Thoughts on Business and Technology

Bell Curve Fallacy

Consider the population of a typical town in U.S. The average height of an adult male is 70 inches with a standard deviation 6 inches and average height of an adult female is 65 inches with a standard deviation of 3.5 inches.

Average is the sum of height’s of all the male or female population in the town divided by the number of male or female residents in the town. Standard Deviation is a measure of dispersion, i.e. a measure of distribution of sample heights away from the mean.

normal-distrubution-3sds   According to the theory of normal distribution, popular for it’s bell shaped curve,

68% of the population will be 1 standard deviation away from the mean (i.e. 68% of the male population in the town will have a height in the range of 69 to 71 inches ) .

95% of the population will be 2 standard deviation away from the population mean (i.e. 95% of the male population in the town will be in the range of 68 to 72 inches ).

Finally 99.7% of the population will be three standard deviation away from the population mean (i.e. 99.7% of the male population in the town will be in the range of 67 to 73 inches )


Normal distribution is useful in modeling the physical world. for example,

1. The height distribution in a given population.

2. The weight distribution of all living mammals

3. The Average of life expectancy of a population

4.  The fuel efficiency ( i.e. miles per gallon ) of compact cars

Most of the physical world follow normal distribution. Hence the bell curve has gained popularity as a reliable tool to predict and model the behavior or characteristics of a sample set or a given population. Using Bell Curve (i.e. Normal Distribution ) we can provide answers to problems similar to the one below.

An average light bulb manufactured by the Acme Corporation lasts 300 days with a standard deviation of 50 days. Assuming that bulb life is normally distributed, what is the probability that an Acme light bulb will burn-out within 365 days?

Answer : Using Normal Distribution we can predict that there is 90% chance of the bulb burning out within 365 days. Your can find the complete solution here.

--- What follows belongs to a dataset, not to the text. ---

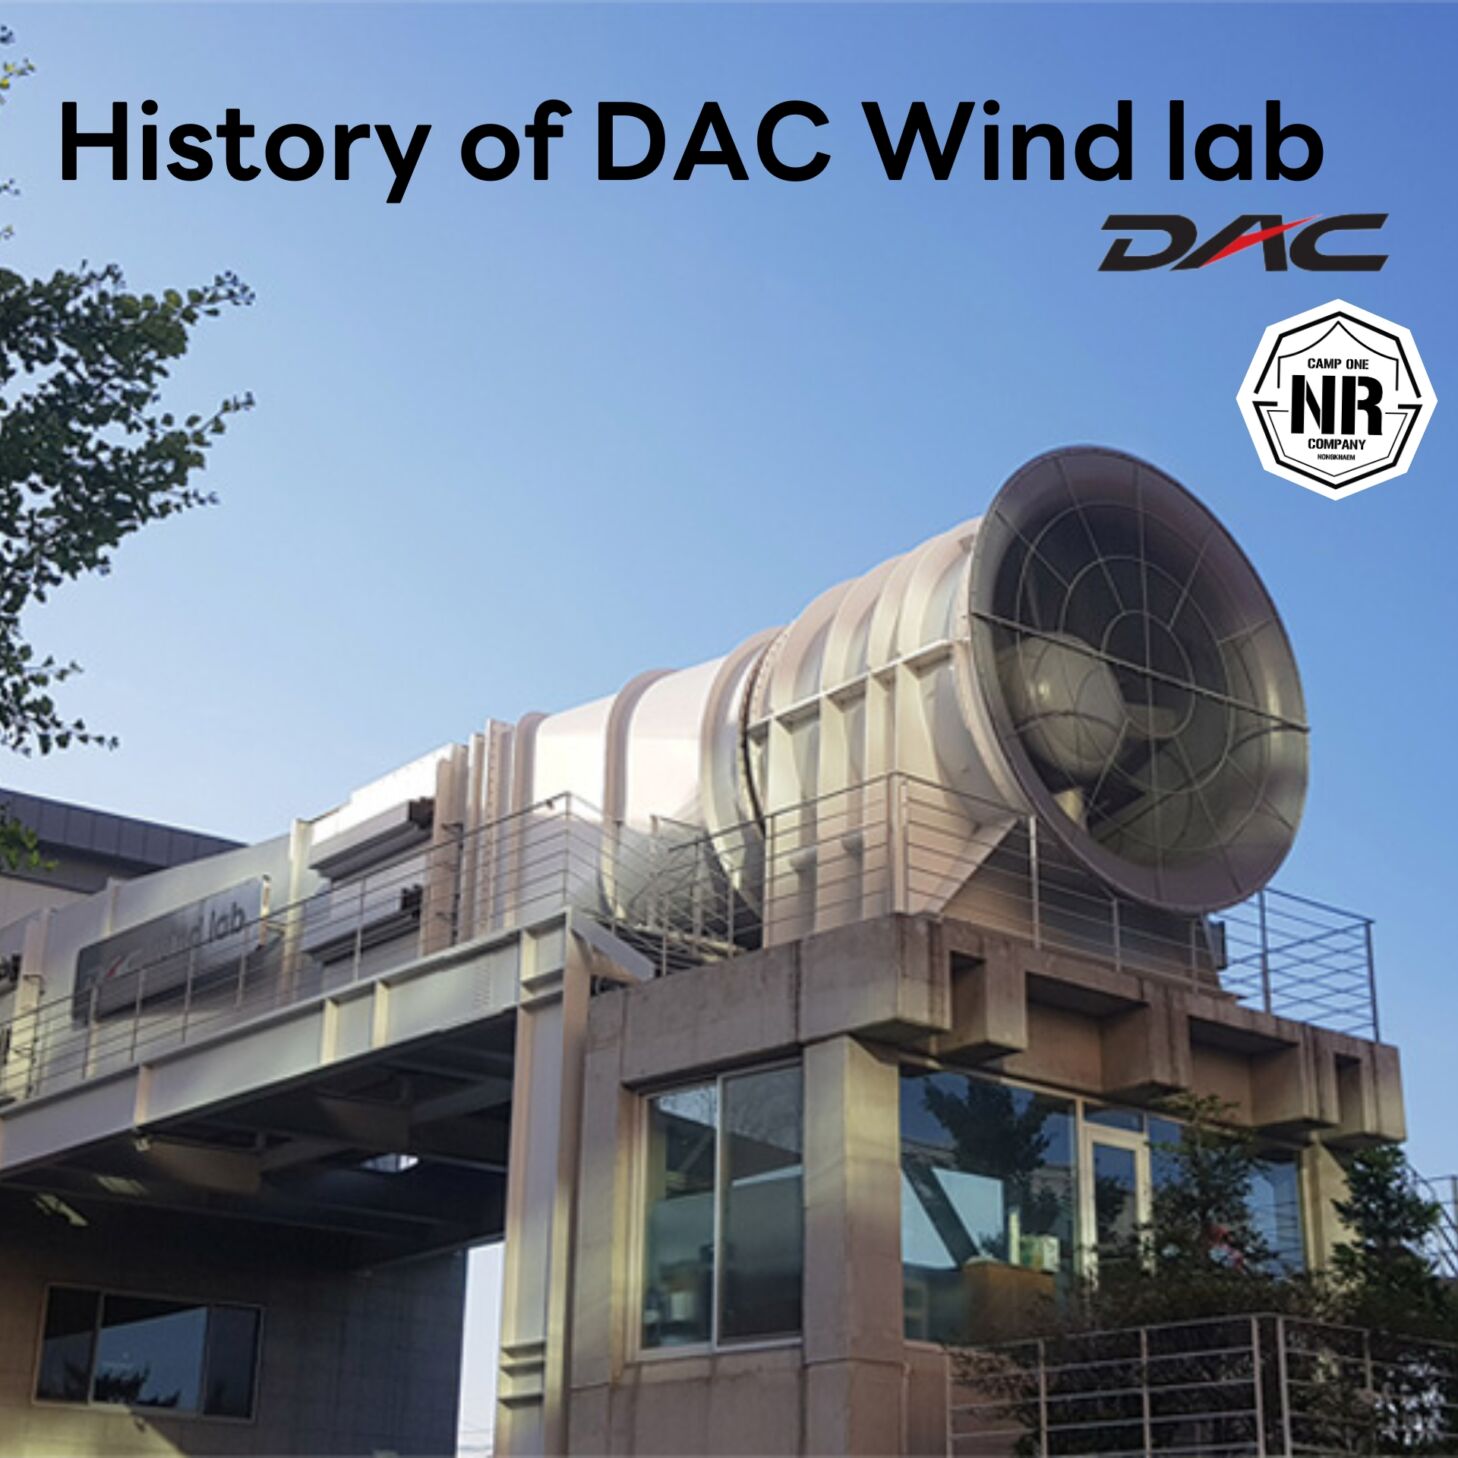 เรื่องราวของการสร้างอุโมงค์ลม History of DAC Wind lab

Now let’s consider the frequency of occurrence of outsized events in the stock markets. In a world described by the bell curve (also called “mild randomness”), most values are clustered around the middle. 95.4% are within 2 sigmas from the mean. The average value is also the most common value. Outliers contribute very little statistically

Screen Shot 2014-04-24 at 10.47.51 PM

In the last two decades the U.S stock market has experienced what would have been considered a 3 sigma or 4 sigma event based on Normal Distribution. According to the chart above, these 3 sigma or 4 sigma events have a probability of occurring once every 740 years and 31,575 years respectively. This proves that the tail of the bell curve can be significantly fat.

To conclude :

Bell curves are ideal to predict or model normal events, but there are events that are beyond the realm of normal distribution. These events  defy the laws of physics. They are captured by power law.

As Prof Sanjsy Bakshi suggests.

In a universe described by the bell curve, experiencing “mild randomness”, one single observation, such as a very tall person, may seem impressive by itself but will not  disproportionately impact the aggregate or the average.Such randomness that disappears under averaging is trivial and harmless because you can diversify it away.

In a universe dominated by power laws, where black swans proliferate, outliers are more common than bell curves can predict. In this exotic world winners tend to take all and the rest get nothing.

Many investors lost a lot of money in the 2008 stock market crash when they relied on normal distribution to model and predict stock markets which follow the power law.

So the big lesson is that you have to acknowledge the presence of black swans – both positive and negative, and organize your life accordingly. You cannot rely on models based on the wrong worldview of a bell curve universe.